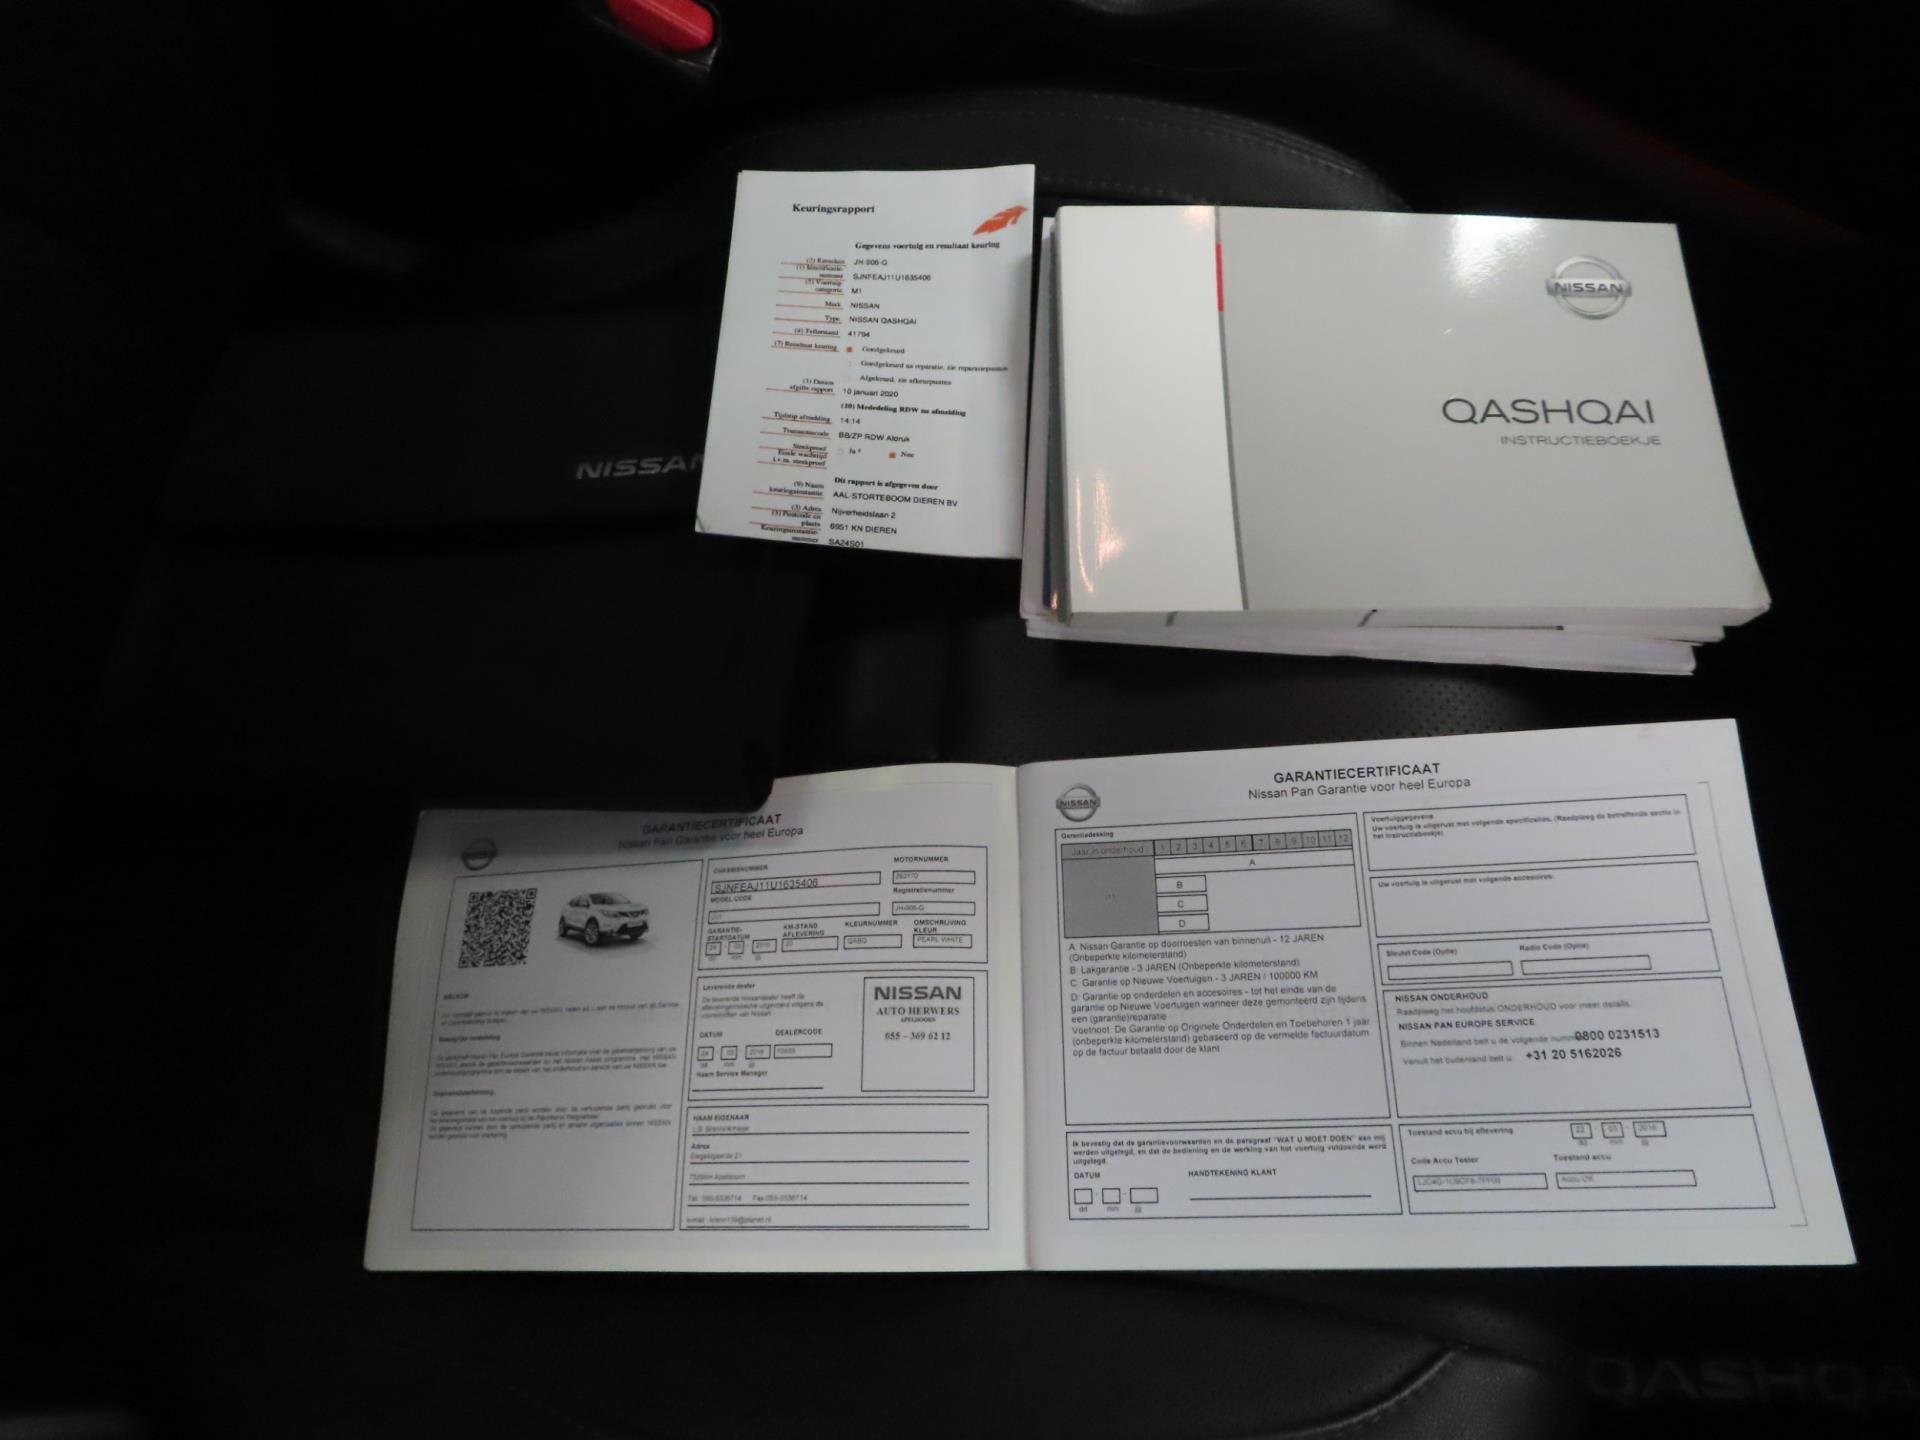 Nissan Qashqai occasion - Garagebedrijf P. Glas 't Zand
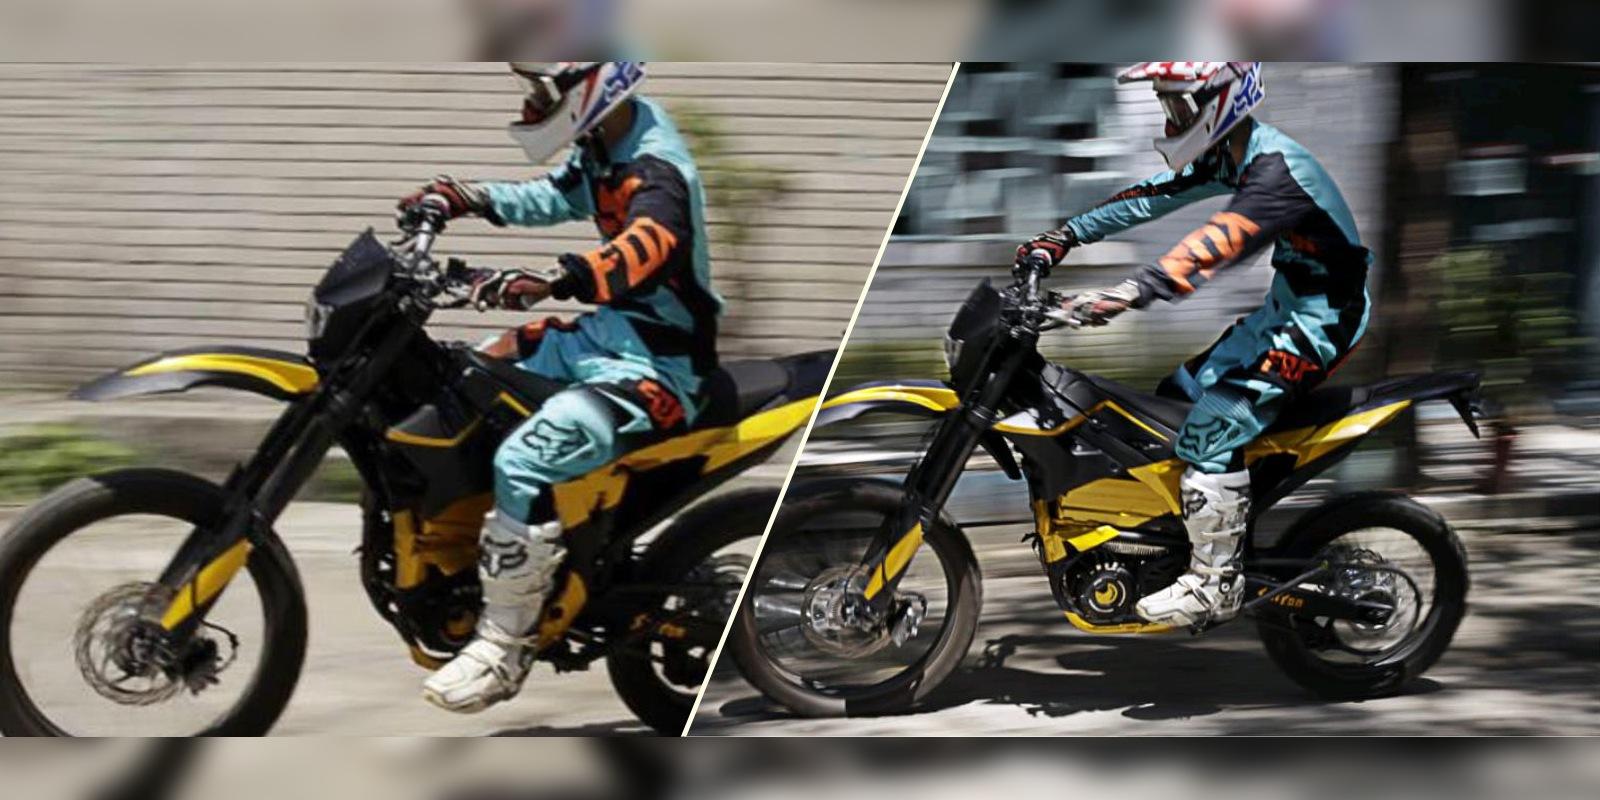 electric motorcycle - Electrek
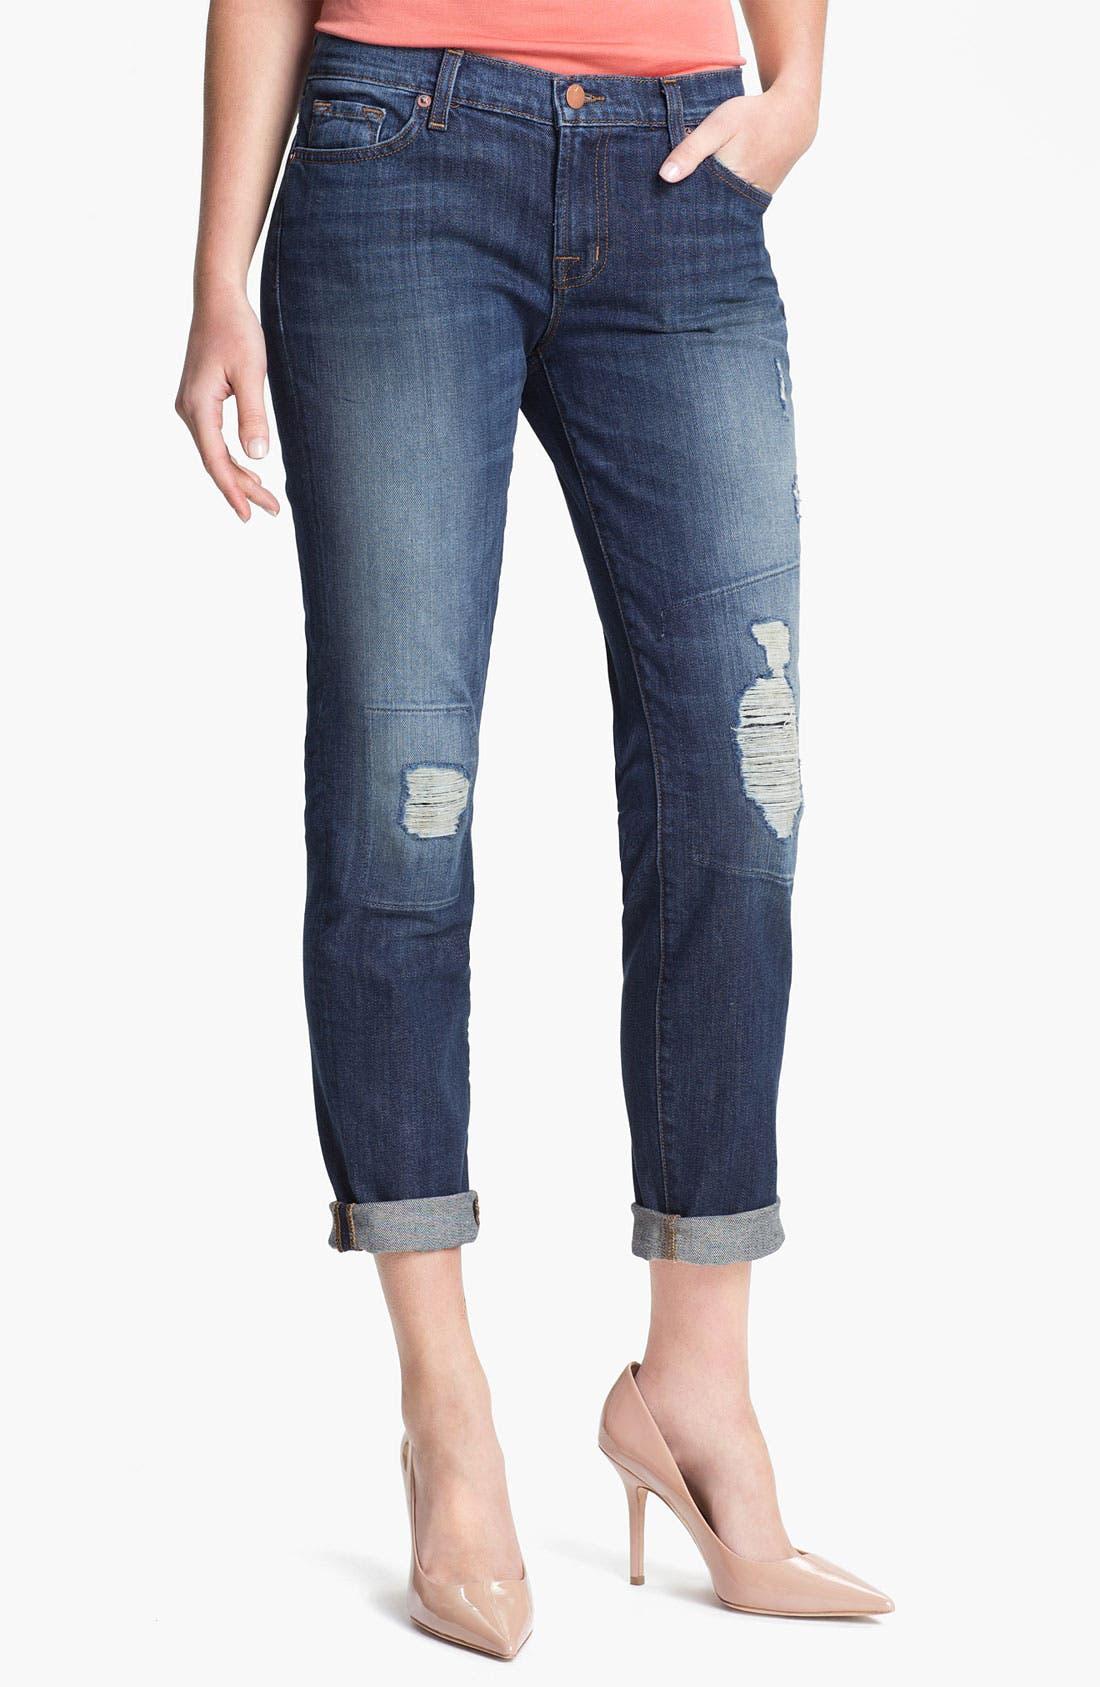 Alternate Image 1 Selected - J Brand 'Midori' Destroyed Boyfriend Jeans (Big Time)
== == ==
AIM OF THE EXERCISE
Retype all of the material above precisely as it reads. Pictures are not part of the copy.

ANSWER SECTION
 Nissan Qashqai occasion - Garagebedrijf P. Glas 't Zand
 electric motorcycle - Electrek
 Alternate Image 1 Selected - J Brand 'Midori' Destroyed Boyfriend Jeans (Big Time)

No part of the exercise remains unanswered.